A woman paying respect to the late Salman Taseer.

Just eight hours before his assassination, Salman Taseer tweeted the following couplet by the Urdu poet, Shakeel Badayuni, ‘My resolve is so strong that I do not fear the flames from without, I fear only the radiance of the flowers, that it might burn my garden down.

A lot of people have either been told to keep quiet or are keeping quiet about what’s happening. If ‘they’ went after the late Salman Taseer, then what’s to say they won’t come after you next?

Frankly who are we in the grand scheme of things? And if we can make no significant difference to any of this, why say anything at all? Because no matter what we believe in – there is someone we all have to answer to if only ourselves.

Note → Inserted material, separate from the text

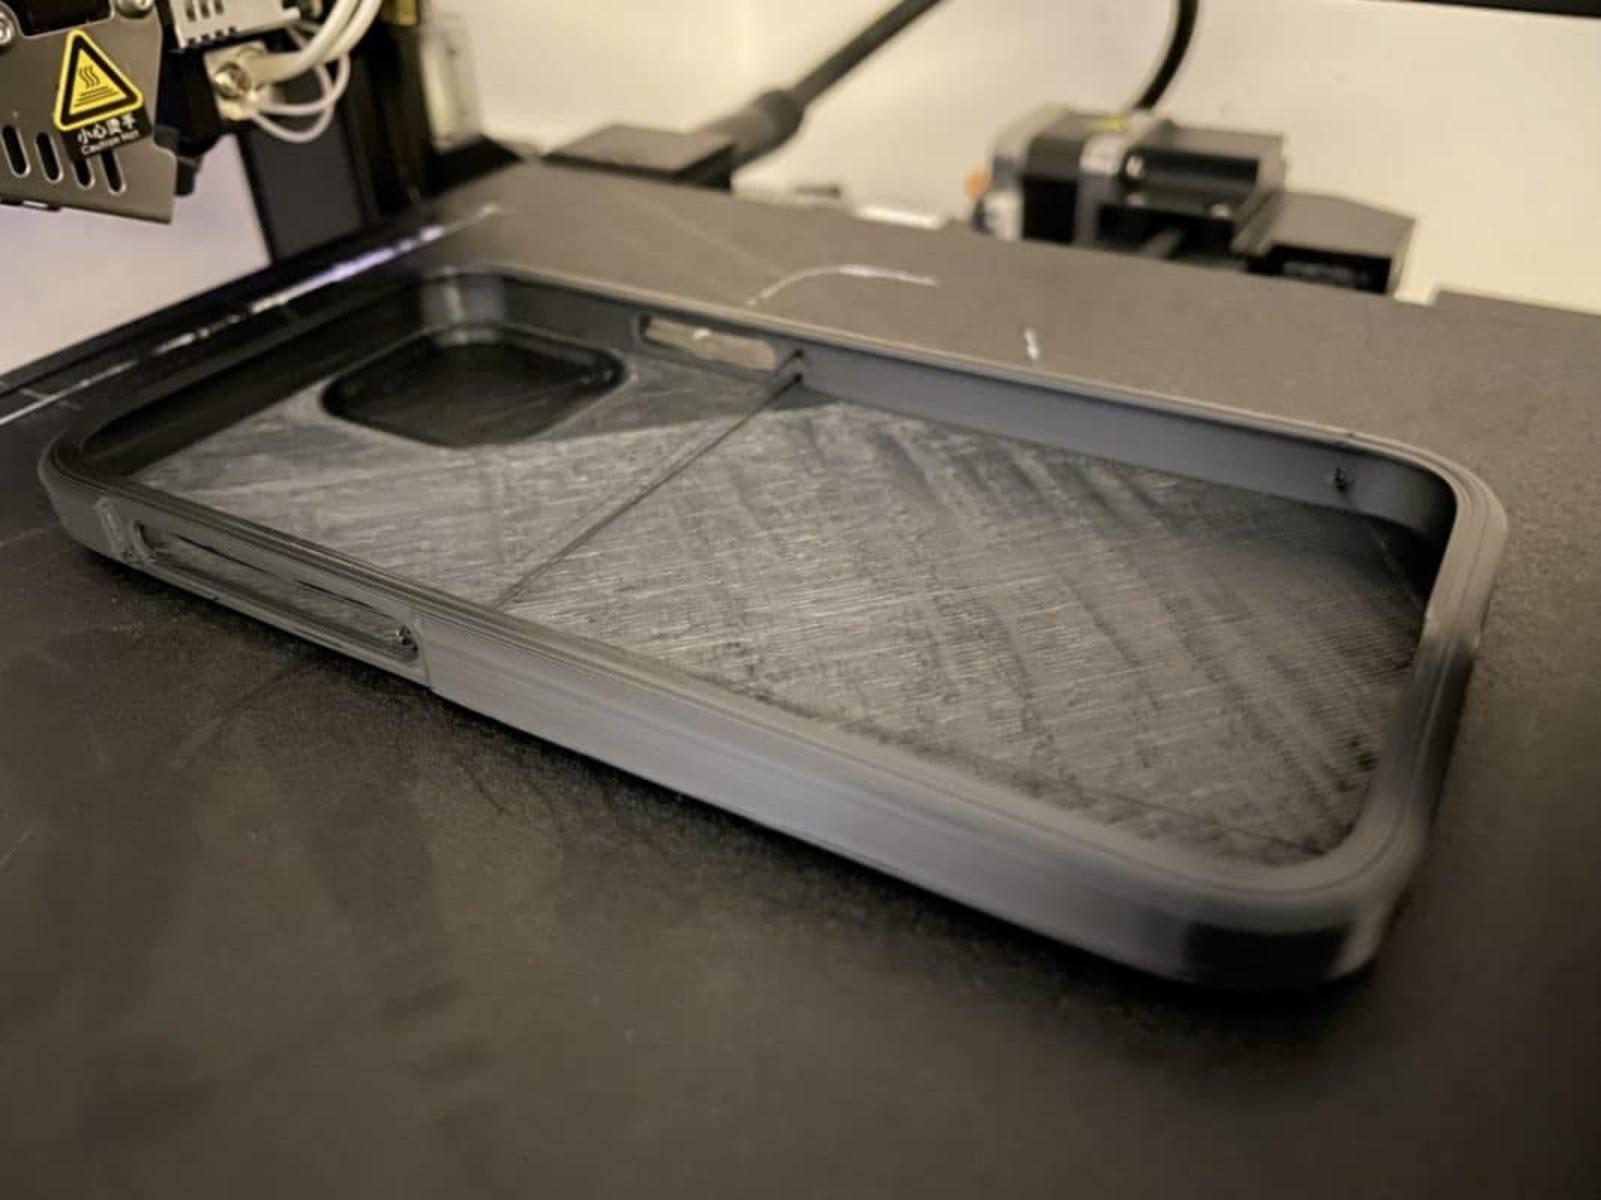 How To Make A Phone Case With A 3D Printer

My self is afraid for my Muslim brothers and sisters, for my Christian brothers and sisters, for my Jewish brothers and sisters, for my Hindu brothers and sisters, for my Buddhist brothers and sisters, for my brothers and sisters of all faiths or no faith, all colours or no colour and of all creeds. I am afraid for all of humanity. I am afraid of what people; everywhere keeping their mouths shut means for people, everywhere.

Pakistan is not the only country operating certain laws but it will be among the countries where such a law is used to settle petty squabbles and among the countries where will be allowed to happen. For all of us who are trying to understand the political and societal agendas behind implementing such drastic measures – we can theorise all we want.

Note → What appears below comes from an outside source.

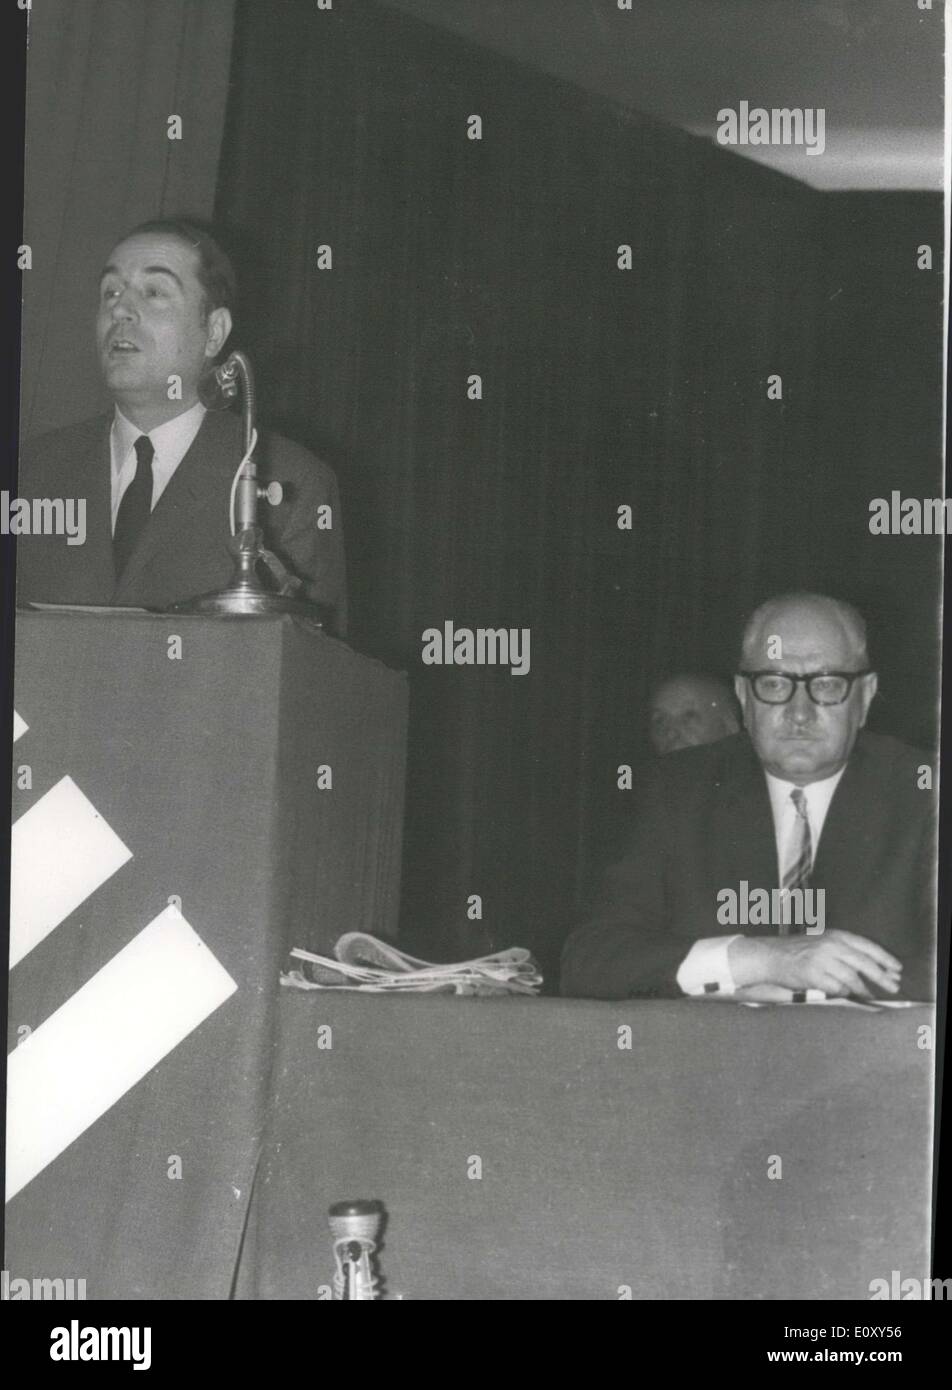 Jan. 28, 1968 - The Socialist Party's French Section of the Workers' International held a National Congr For the first time, Stock Photo

Who are we trying to kid? We’re no closer to the truth than we are to the end of time. There is no way we are ever going to know. I’m not out to find out the truth – but I’m keeping quiet while Pakistan is about to have it’s very own Nuremburg, Palestine, segregation, apartheid or genocide is not something I feel comfortable living with.

These were all catastrophic world events where people on the basis of faith, colour or creed were stripped, denaturalized and denied civil and human rights. The penal codes may have been from different times, for different reasons and in different languages – but the meaning and result has always been the same. The people pushing for the what’s happening in Pakistan today are no different to Hitler or the Klu Klux Klan or settlers in West Bank or the perpetrators of the apartheid. For those of you who think this doesn’t affect you, do not get too complacent, it’s a short cry between you and someone who is.

For those of you who are comfortable, who brush off my flowery words, I am after all just another writer, ask yourself this – imagine if Nelson Mandela, just another man had stayed quiet, if Martin Luther King just another person had not had the courage to dream or if ordinary people hadn’t united against Nazi Germany? We all know there is some higher order and I’ll be lucky if this article changes even one person’s mind that steadfastly believes that what is happening is right – let alone changing Pakistan or the world but it might inspire the next person who’s going to challenge that order and our divided nation.

Being true to myself means writing this – I can’t live with myself in this godforsaken world if I don’t. If you are content staying out of all this then by all means do or if your peace is behind rose tinted glasses I don’t want to disturb you.

There is a thorn in all our sides that we can’t deny – look at the victims long enough and we’ll become them too. I don’t want anyone to die – nor do I want there to be anymore martyrs but death is as certain as birth and a certainty even stronger and more binding than that is dying for nothing and dying for something.